The link below is a PBS Frontline documentary
Immigrants essential to our U.S. food system, that would be legal immigrants, that are payed well below the average, could be called slave wages !!
If you want to fix this, then get all the low life’s of the government TIT, or gather up all the panhandlers that seem to be on every corner and give them a job, oh yeah they don’t want to work, there getting free money !!
If Immigrants are essential, pay them a descent wage, there saving your business.
This is worth a gander re the topic at hand: https://forbiddennews.substack.com/p/darkness-by-design-part-1-baalenciaga?utm_source=post-email-title&publication_id=1658626&post_id=151586567&utm_campaign=email-post-title&isFreemail=true&r=2h0n1o&triedRedirect=true&utm_medium=email
A country that can’t feed itself is highly likely to starve. – Anyone with common sense.

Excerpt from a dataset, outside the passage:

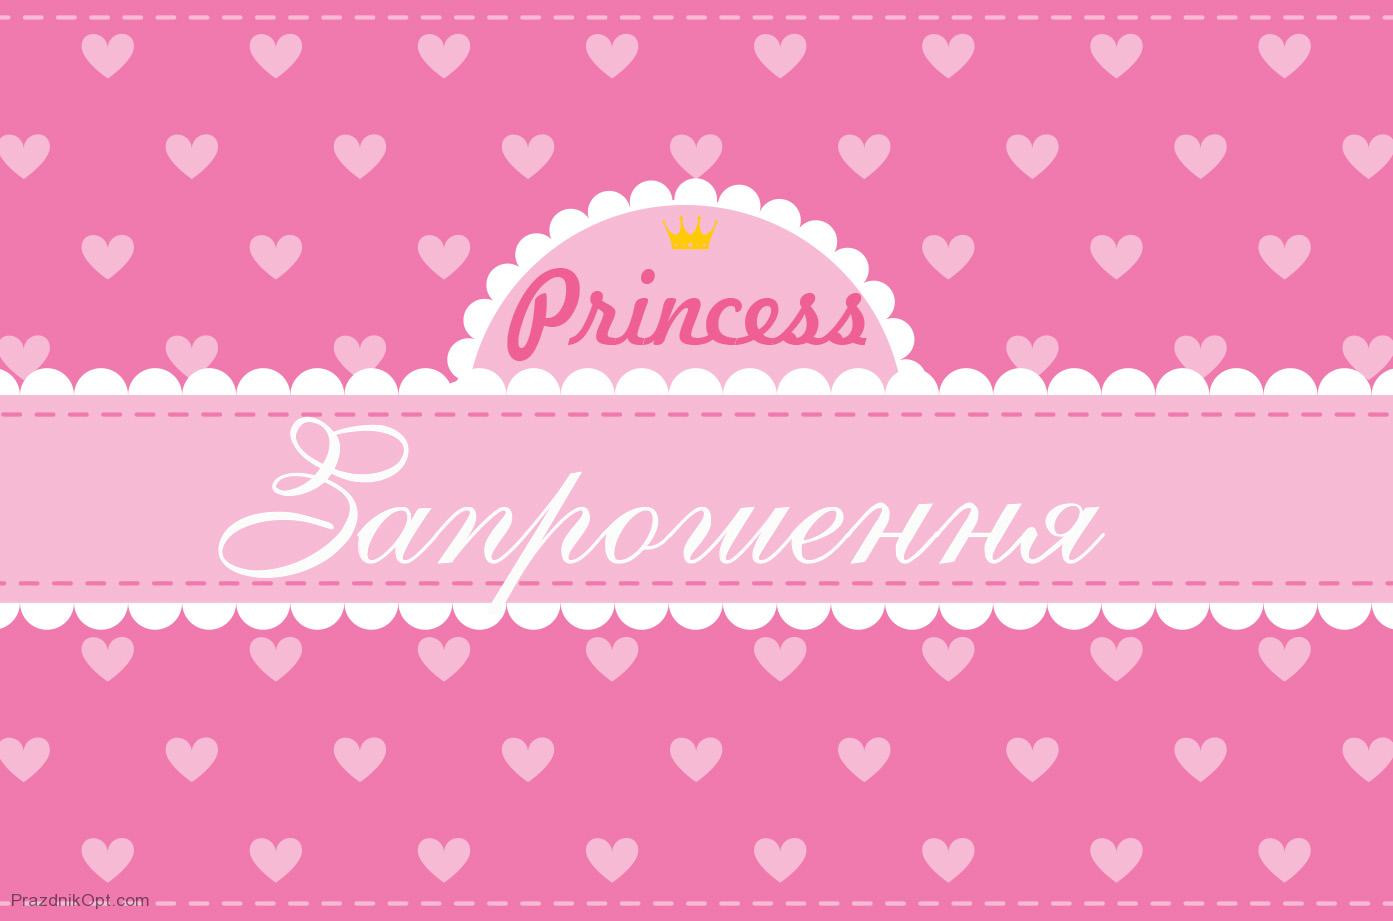 Запрошення Princess

Why do you think human trafficking is a multi-billion, maybe a trillion dollar a year industry globally? Why are workers from the Asian Pacific rim serving and supplying USA military bases in the Middle East? Why is African labor still prominent when an embassy needs to be built somewhere or a bombed out region has to be rebuilt? Why has China established so much in industry in Africa? Crimes against humanity. I’m sorry people have fooled themselves thinking we need migrants to work for behemouth agricultural industries, while the investors clean up on the stock exhange, and feed us chemically and genetically altered garbage. From the field, to the factory for added poison and leaching nutrients, then to your table. Most of our produce grown here is sent elsewhere, while ours comes from South America or Mexico. Anyone notice canned mushrooms come from France? Why?
There was a time when work visas were the norm and necessary to help privately owned farms and seasonal businesses. Unfortunately, it has gone way beyond nessesity to criminal conduct here and abroad.
The use of the term “immigrant” is very loose in the media, public forums and specifically this article. The designation “immigrant” implies in and of itself, that the holder of that status has sought LEGAL pathways to gain entry to the U.S. That said, there are both “immigrant” and “non-immigrant” visa classes to achieve this…. After providing a fact like “undocumented workers account for 67 percent of people harvesting fruit”, it would be unavoidable for myself as an author (or study of the INA) to title this anything but “Illegal Aliens Essential to US Food System”, for the simple fact this distinct group chose to pay cartels, rather than the US Government to to apply for and process a visa.
If we did not abort so many of our own home grown babies, we wouldn’t need the migrants to do the labor.
Our own offspring would do it, like we, and our parents/grandparents and ancestors had done before us and like nature meant it to be.
How did we get so off track from the blessings of raising children?
In the big picture, we are pretty darn stupid to murder our future labor force and bring in outsiders to take their place.
Our country is self destructing by following these evil genocidal policies.
The truth hurts…doesn’t it?
If Mr. Albee found a need for domestic help I guess he would just open the kitchen door.